Serves 2
1/2 medium onion, chopped
1 garlic clove, finely chopped
1 tablespoon extra-virgin olive oil
1/4 teaspoon hot red-pepper flakes
1/4 teaspoon ground cinnamon
1/8 teaspoon ground allspice
1 (14-ounce) can whole tomatoes in juice, drained, reserving juice, and chopped
Pinch of sugar
1/2 pound large peeled and deveined shrimp
1/4 pound feta, crumbled
2 tablespoons fresh chopped dill
Preheat oven to 375°F with rack in middle.

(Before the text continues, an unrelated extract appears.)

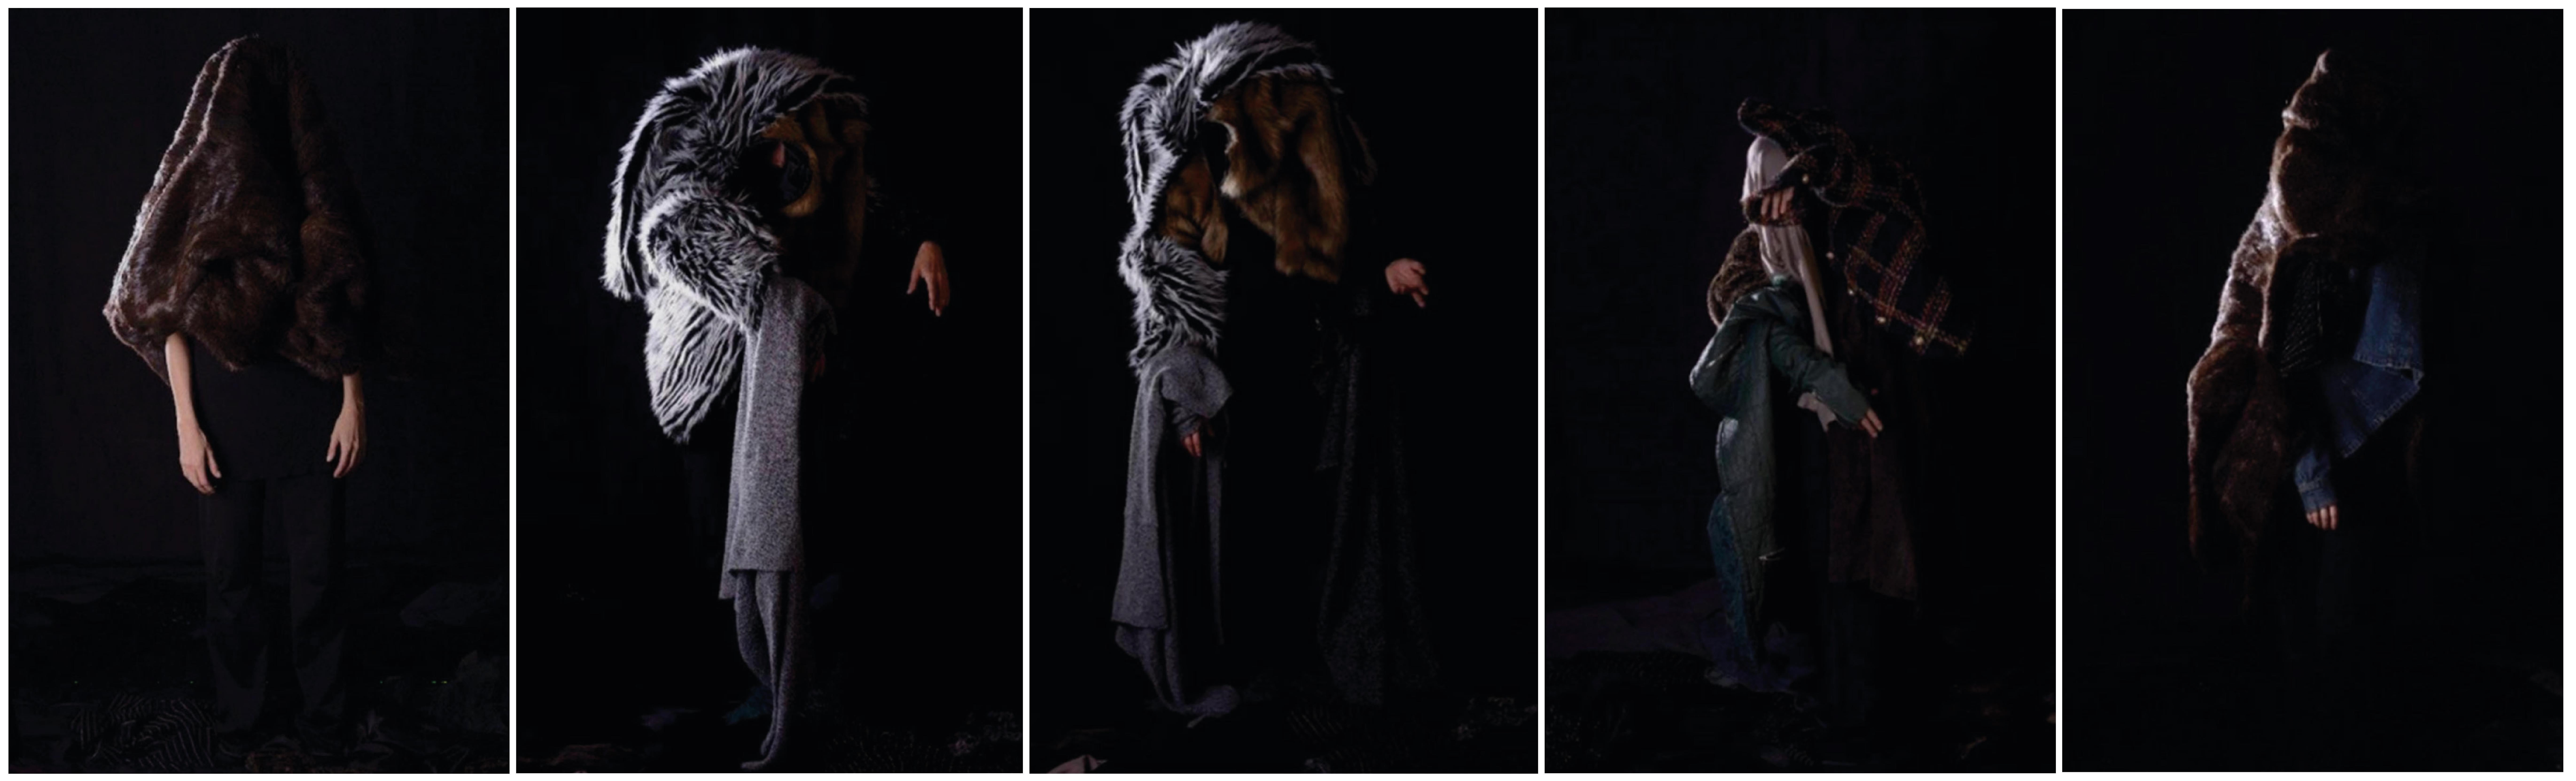 Maria José Arjona Figurative Photograph – von den Frequenzen, die ich herstelle. Performance-Fotografie, Farbporträt
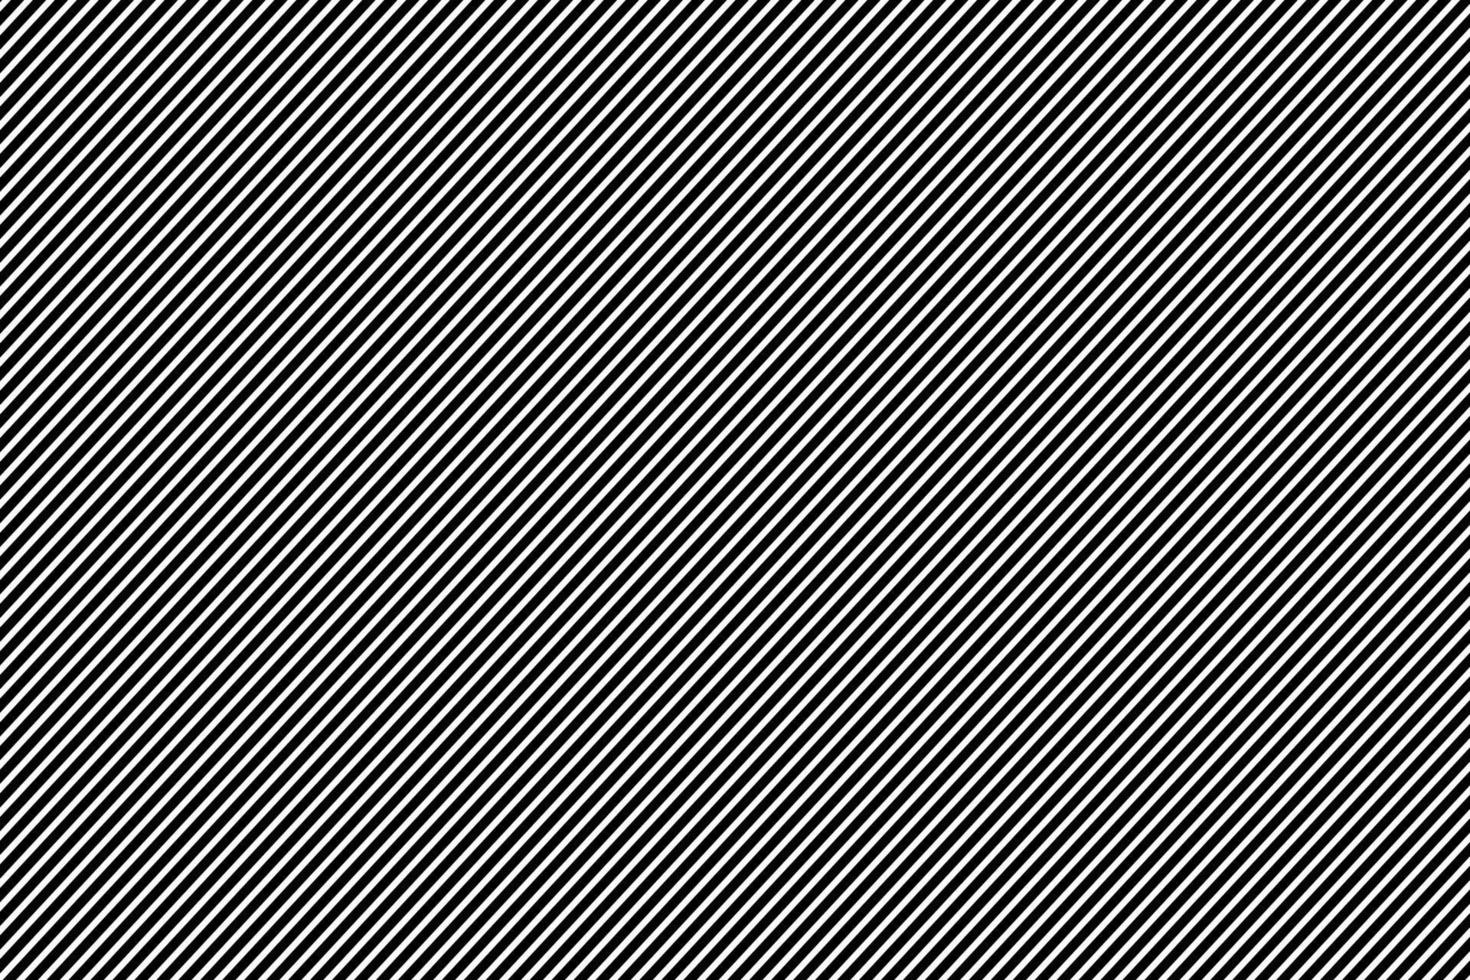 imagem de fundo de finas listras pretas. dispostos na diagonal, ilustração vetorial. vetor

Cook onion and garlic in oil with 1/4 teaspoon salt in a 4-quart heavy saucepan over medium heat until softened, about 5 minutes. Stir in spices and cook, stirring, 30 seconds. Add chopped tomatoes with juice and sugar and simmer, uncovered, stirring occasionally, until slightly thickened, about 10 minutes. Remove from heat.
Season shrimp with salt, and place into 8x8 Pyrex dish. Pour sauce over shrimp and stir slightly to coat - make sure shrimp and sauce is distributed evenly in dish. Top with feta and bake until just cooked through (sauce will be bubbly and feta will be slightly melted), about 15 minutes. Sprinkle with dill and serve over basmati rice or with crusty french bread and a salad.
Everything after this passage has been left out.